In der zusammen mit der DDR untergegangenen Diktatur des Proletariats sei er zurechtgekommen, da hätte er sich ausgekannt. Die geschriebenen und ungeschriebenen Gesetze des Arbeiter- und Bauernstaates dienten ihm als Leitplanke und Wegweiser. Das Spiel mit dem Wohlwollen der Mächtigen und der Gunst des Volkes war ihm vertraut, war jahrelang seine Heimat in einer heimatlosen Welt.

Diktatur zwingt zur Abstraktion. Wenn du nicht alles sagen darfst, was du vielleicht denkst, wenn dir Worte von heut auf morgen im Munde herumgedreht werden, wie Schwerter, die plötzlich gegen dich gerichtet, deinen Kopf fordernd, dich bedrohen, wenn auch die Haltung, die du beziehst, heute noch einer guten Sache dient und morgen schon den Feinden des Sozialismus in die Hände spielend, dir zum Verhängnis wird, dich in den Knast bringt, oder dich zumindest ruiniert, menschlich, gesellschaftlich, künstlerisch, dann verändert sich das, was du schreibst. Und irgendwann verändert sich auch, wie du denkst.

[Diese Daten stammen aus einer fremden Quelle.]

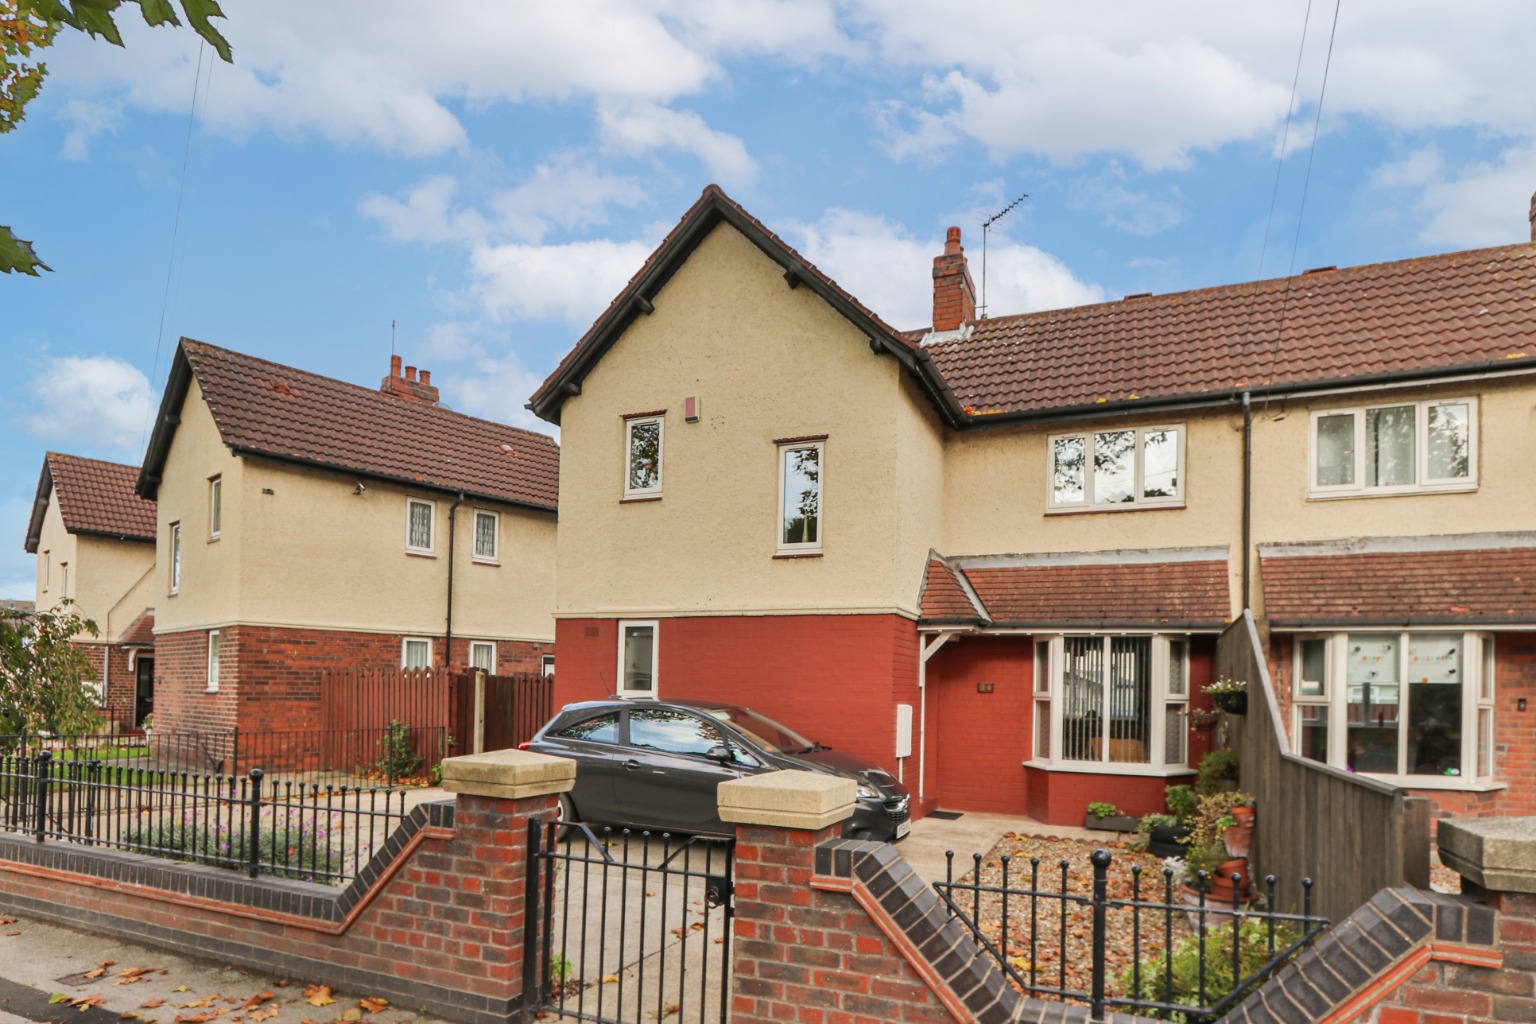 3 bed semi-detached house for sale - Property Image 1

Und plötzlich ist sie weg, die Mauer, das scheussliche graue Ding, antiimperialistischer Schutzwall, eiserner Vorhang, Symbol der deutschen Teilung und alles ist kaputt. Keine Leitplanken mehr, keine Wegweiser, keine Partei mehr, die immer Recht hat, alles am Arsch. Der schöne Staat, alles weg. Jeder kann machen was er will und alle machen, dass sie weg kommen, aus dem Osten. Nix mehr mit internationale Solidarität, internationaler Kampf- und Feiertag der Werktätigen für Frieden und Sozialismus und Tag der internationalen Brigaden. Freiheit, nationaler Stumpfsinn, Tag der Deutschen Einheit.

Für Heiner Müller, 60, Kulturschaffenden eines untergehenden Landes, Vertreter einer untergehenden Kultur, kam diese Freiheit zu spät. Die Freiheit, wählen zu gehen, nach 40 Jahren politischer Farce, wo Wahlen nur Inszenierung waren, Legitimationstheater für den harten, sozialistischen Alltag. Die Freiheit des Andersdenkenden, wo doch mittlerweile alle gleich dachten. Wem willste da noch mit Freiheit kommen?

Aber was ist mit uns? 24 Jahre danach? Was ist mit unserer Freiheit? Wollen wir sie denn?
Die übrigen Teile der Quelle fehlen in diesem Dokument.